Segment Start: Collected data

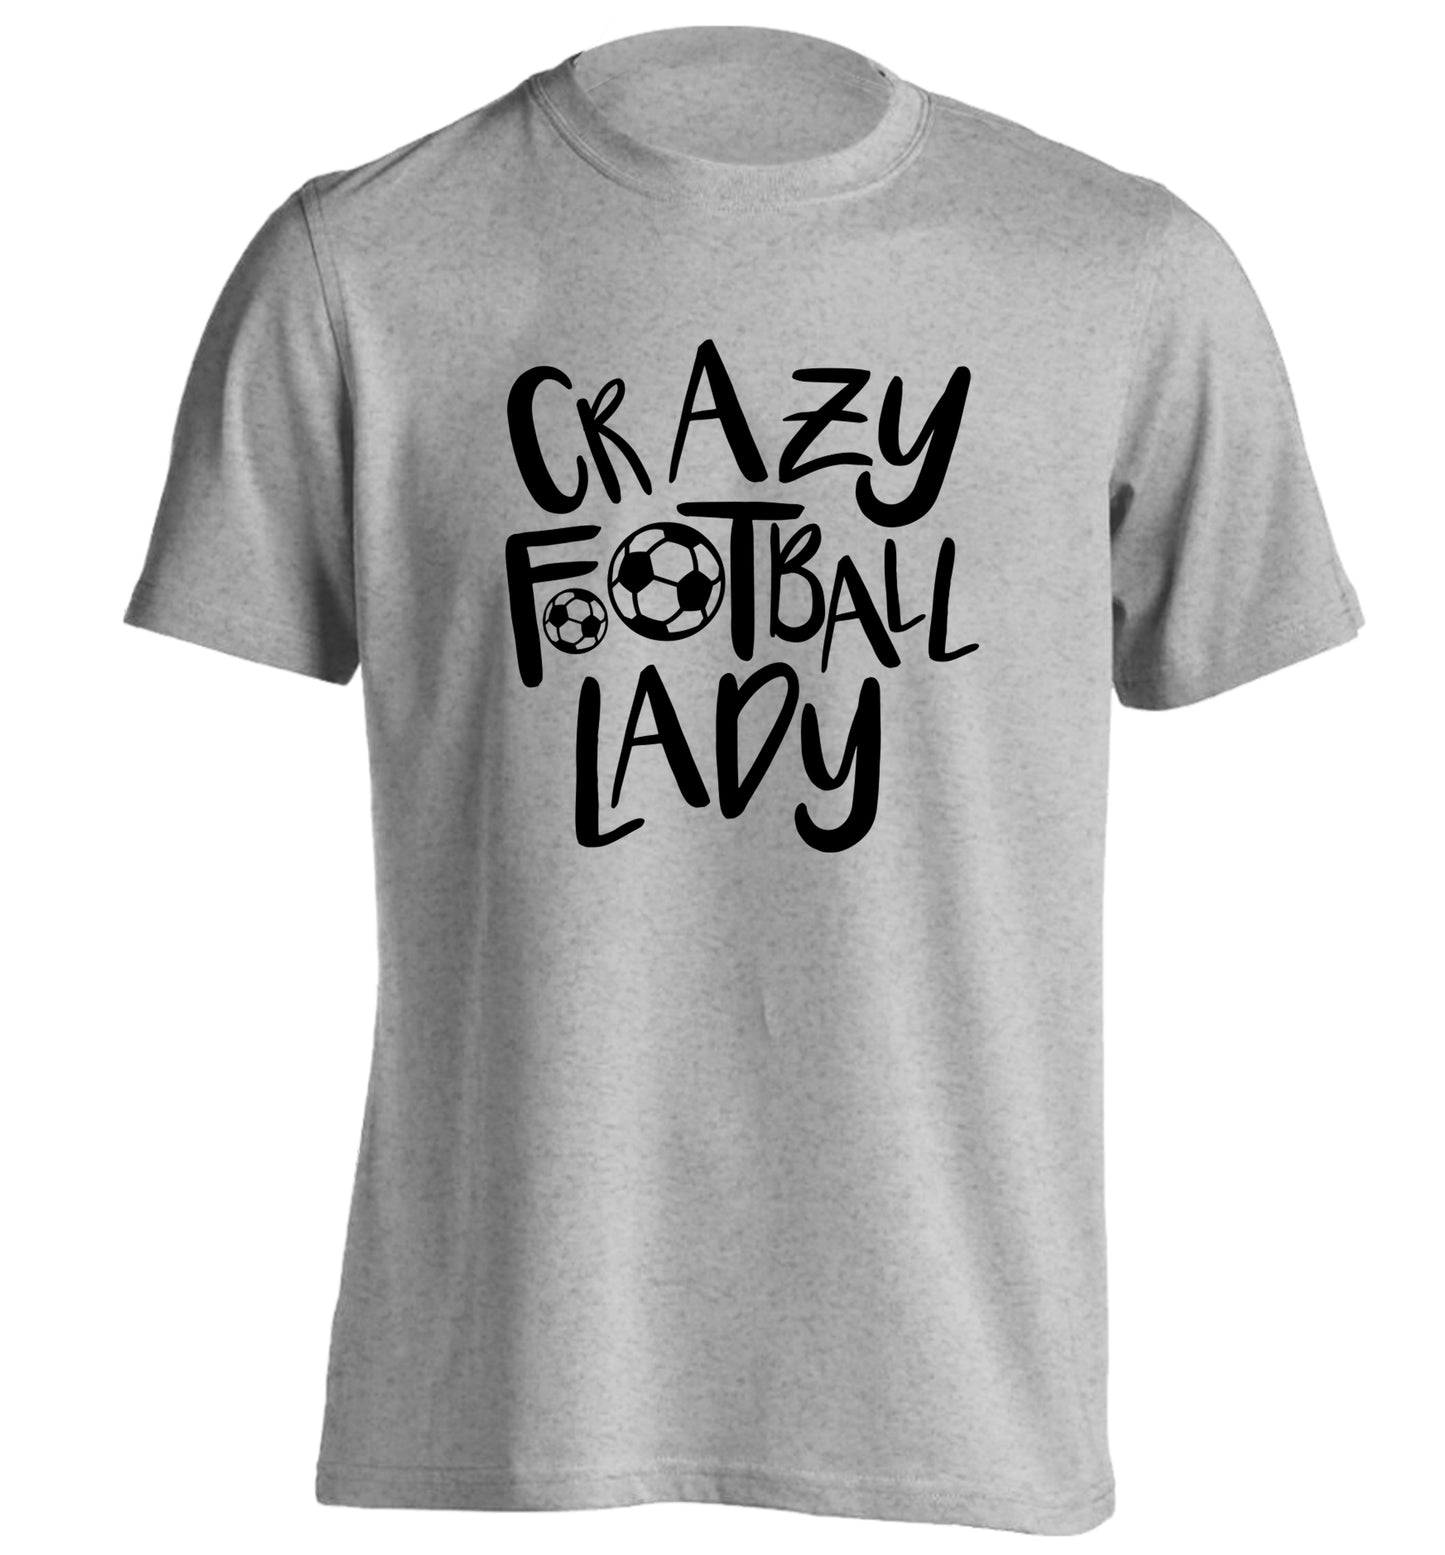 Crazy football lady adults unisexgrey Tshirt 2XL
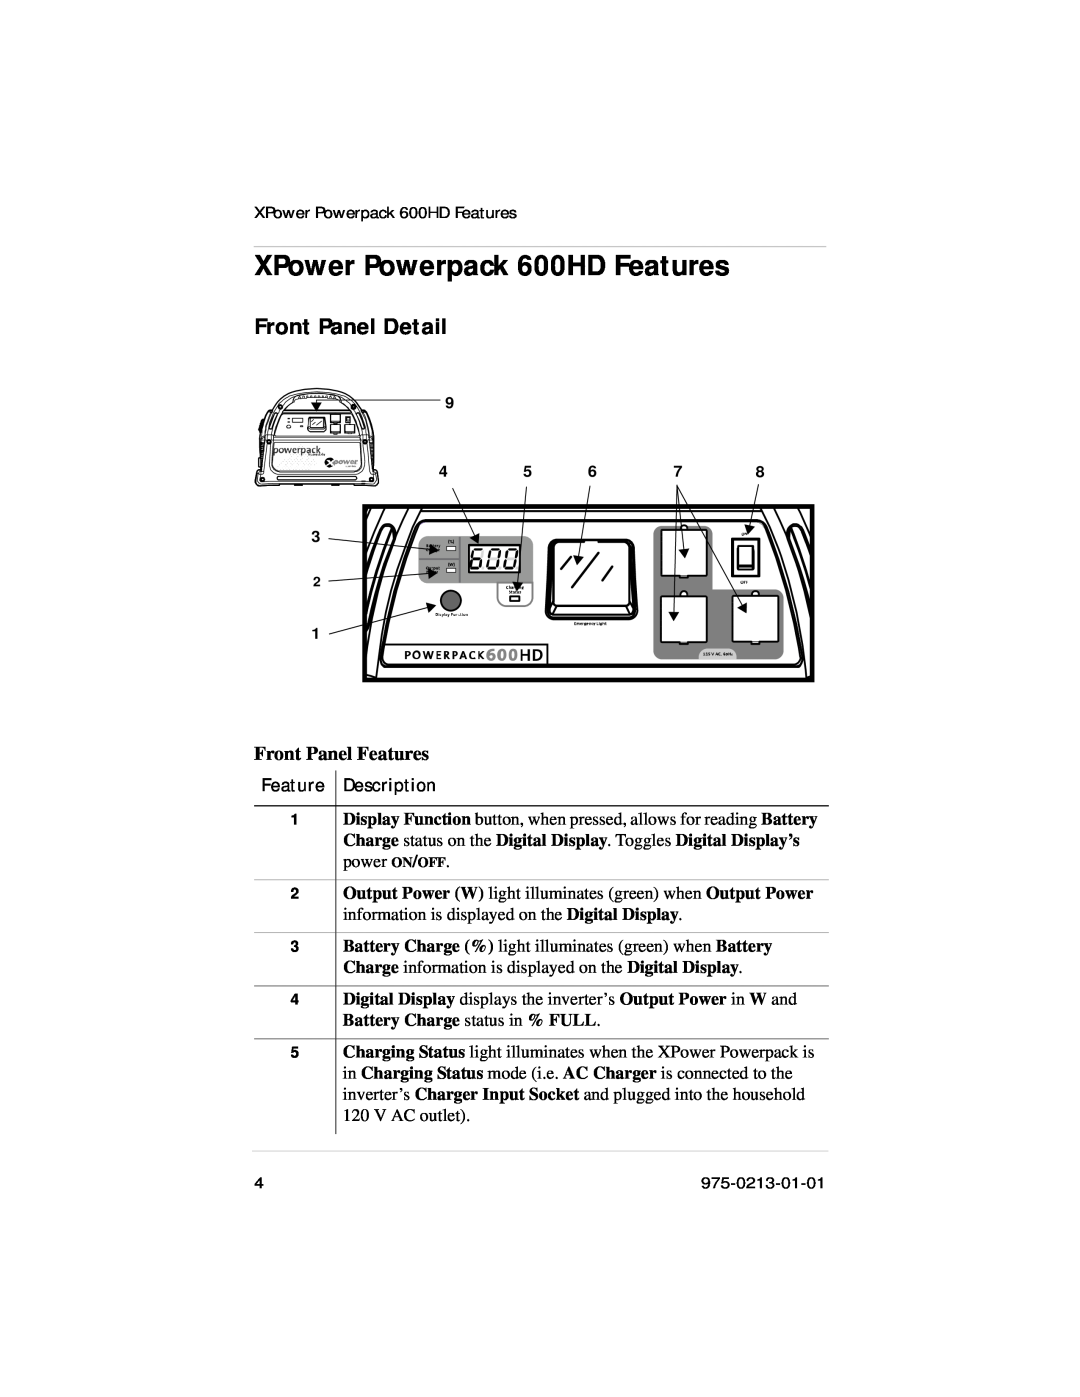 Xantrex Technology manual XPower Powerpack 600HD Features, Front Panel Detail, Front Panel Features, Feature Description 
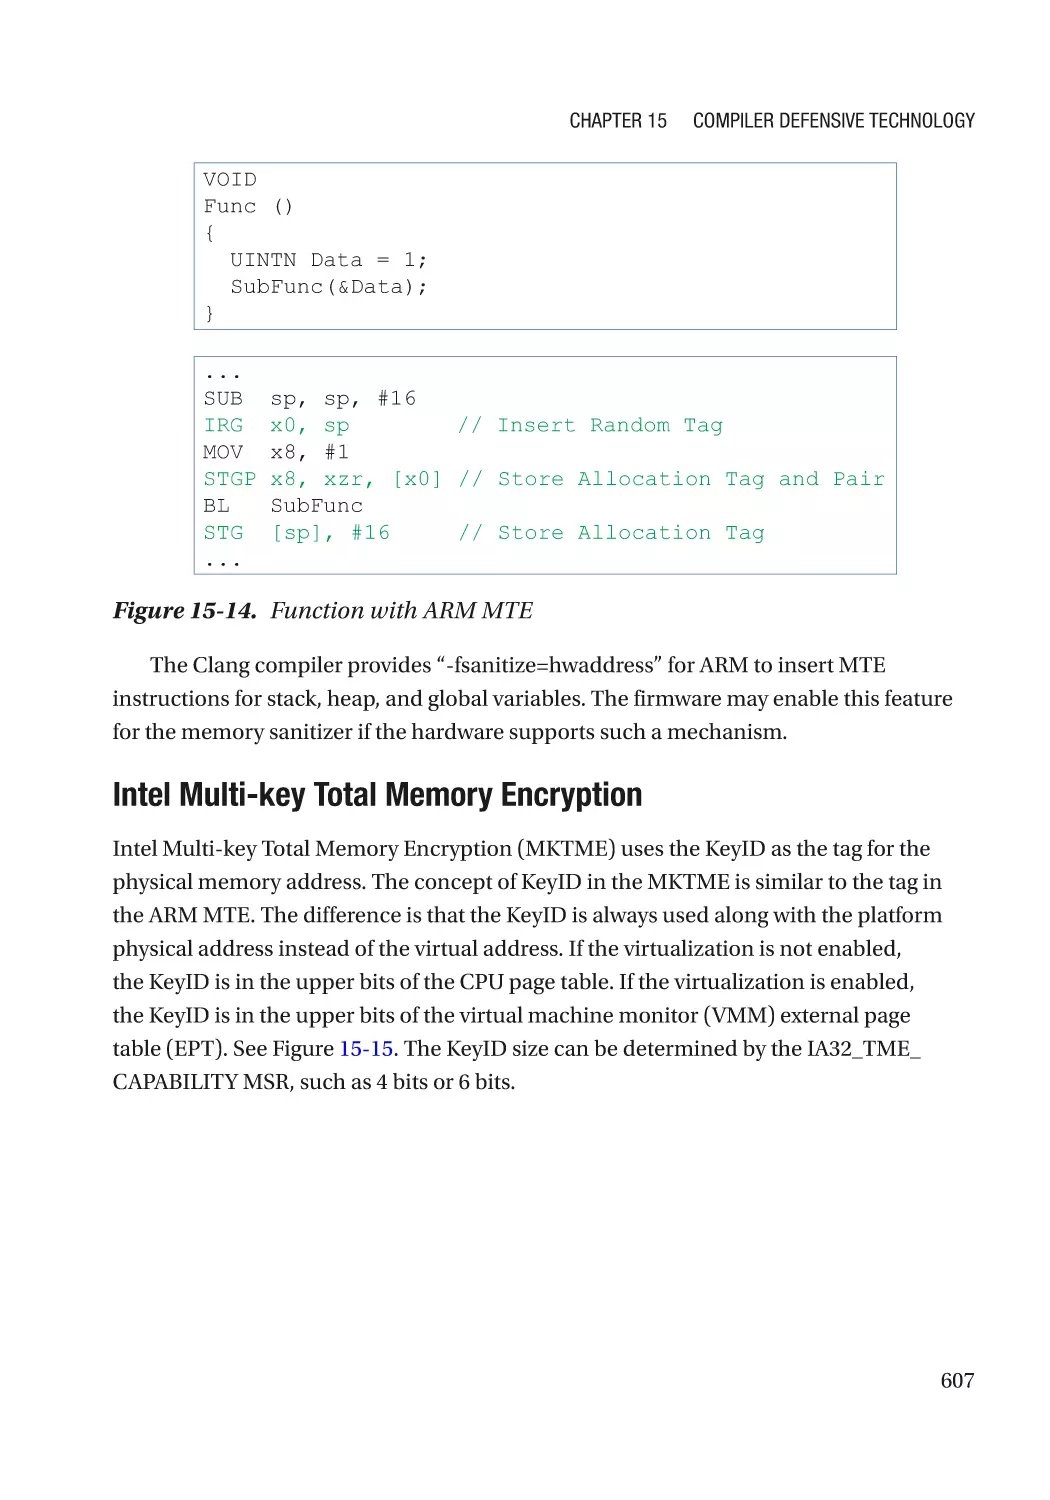 Intel Multi-key Total Memory Encryption
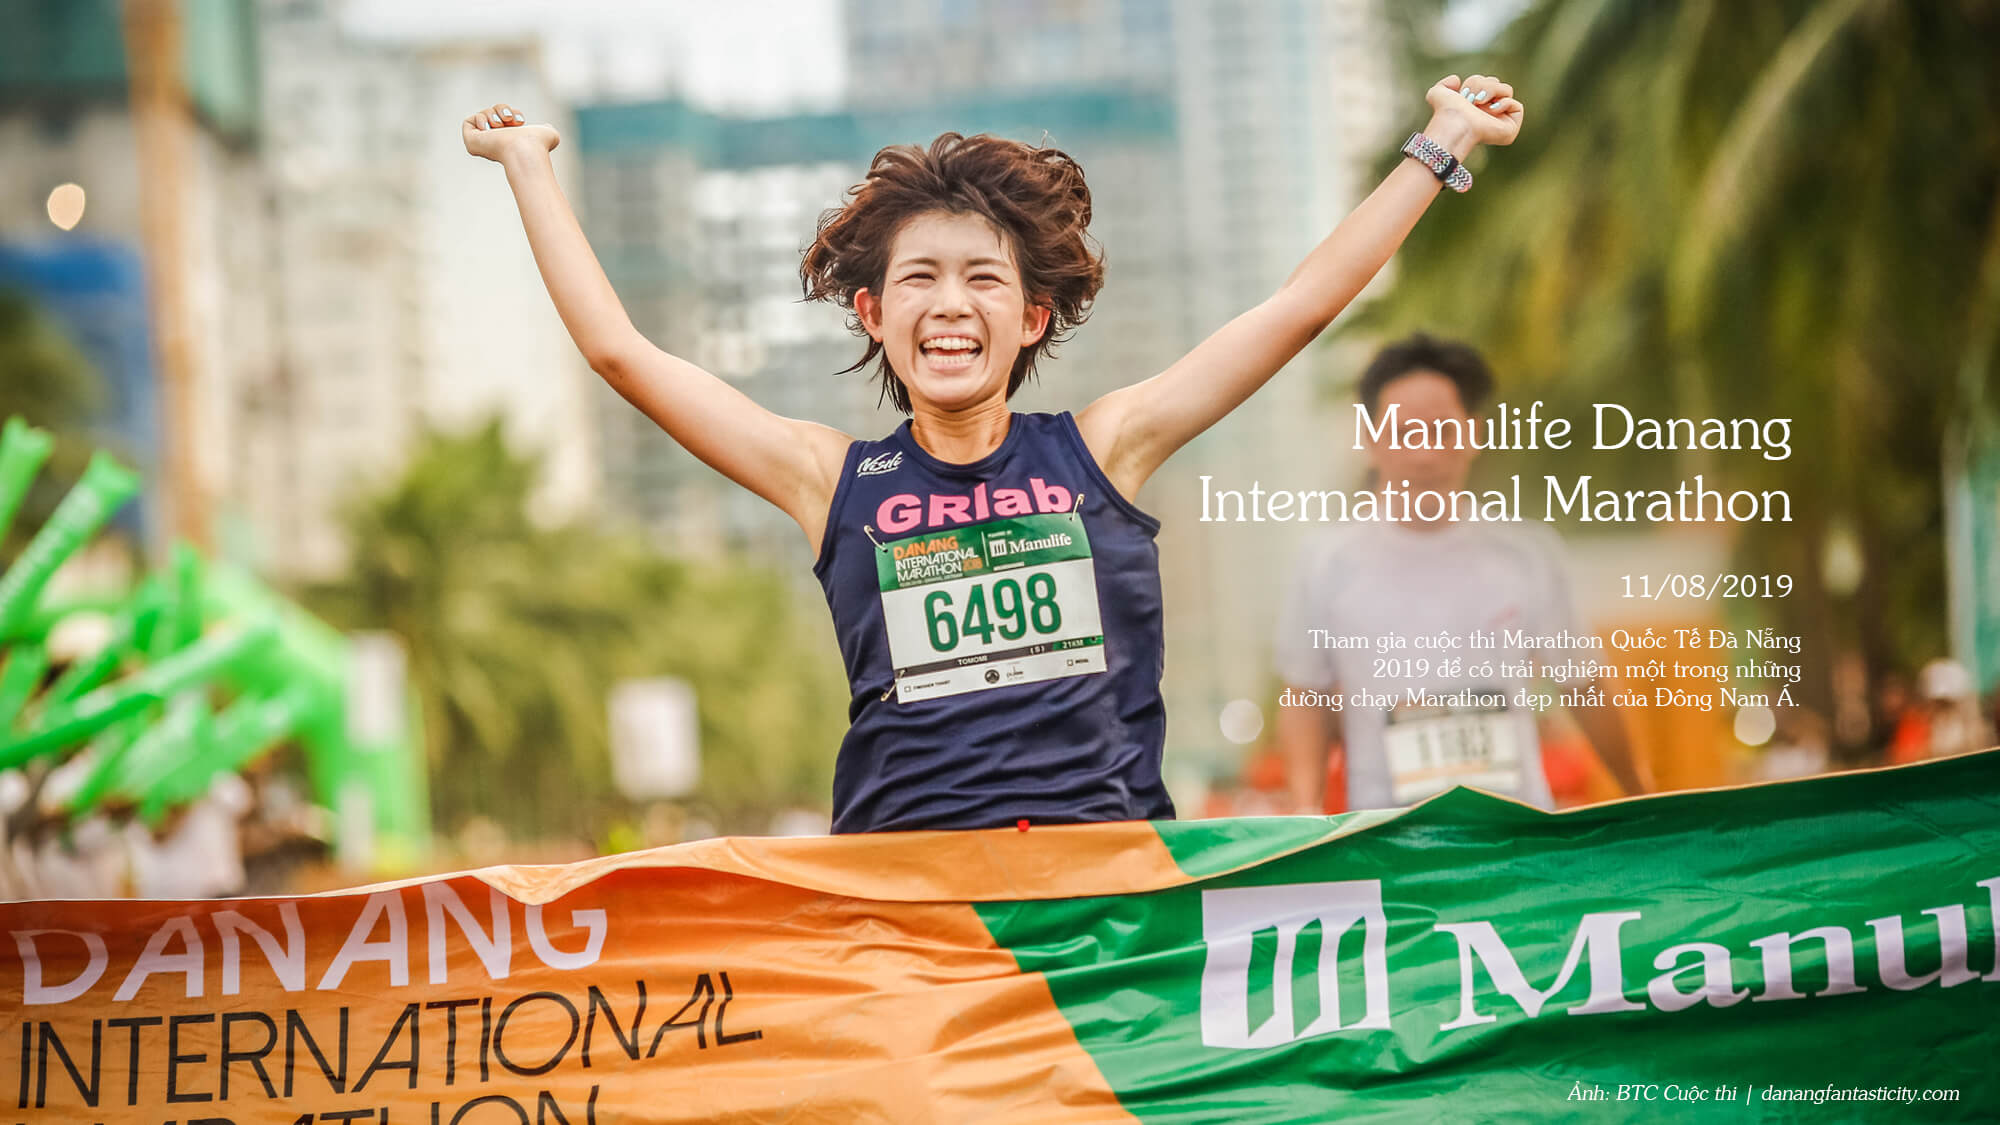 Manulife Danang International Marathon 2019

Segment End: Collected data

Problem ->
Copy every line of the listing above exactly. Leave each picture out.

Answer area ->
 Crazy football lady adults unisexgrey Tshirt 2XL
 Xantrex Technology manual XPower Powerpack 600HD Features, Front Panel Detail, Front Panel Features, Feature Description 
 Intel Multi-key Total Memory Encryption
 Manulife Danang International Marathon 2019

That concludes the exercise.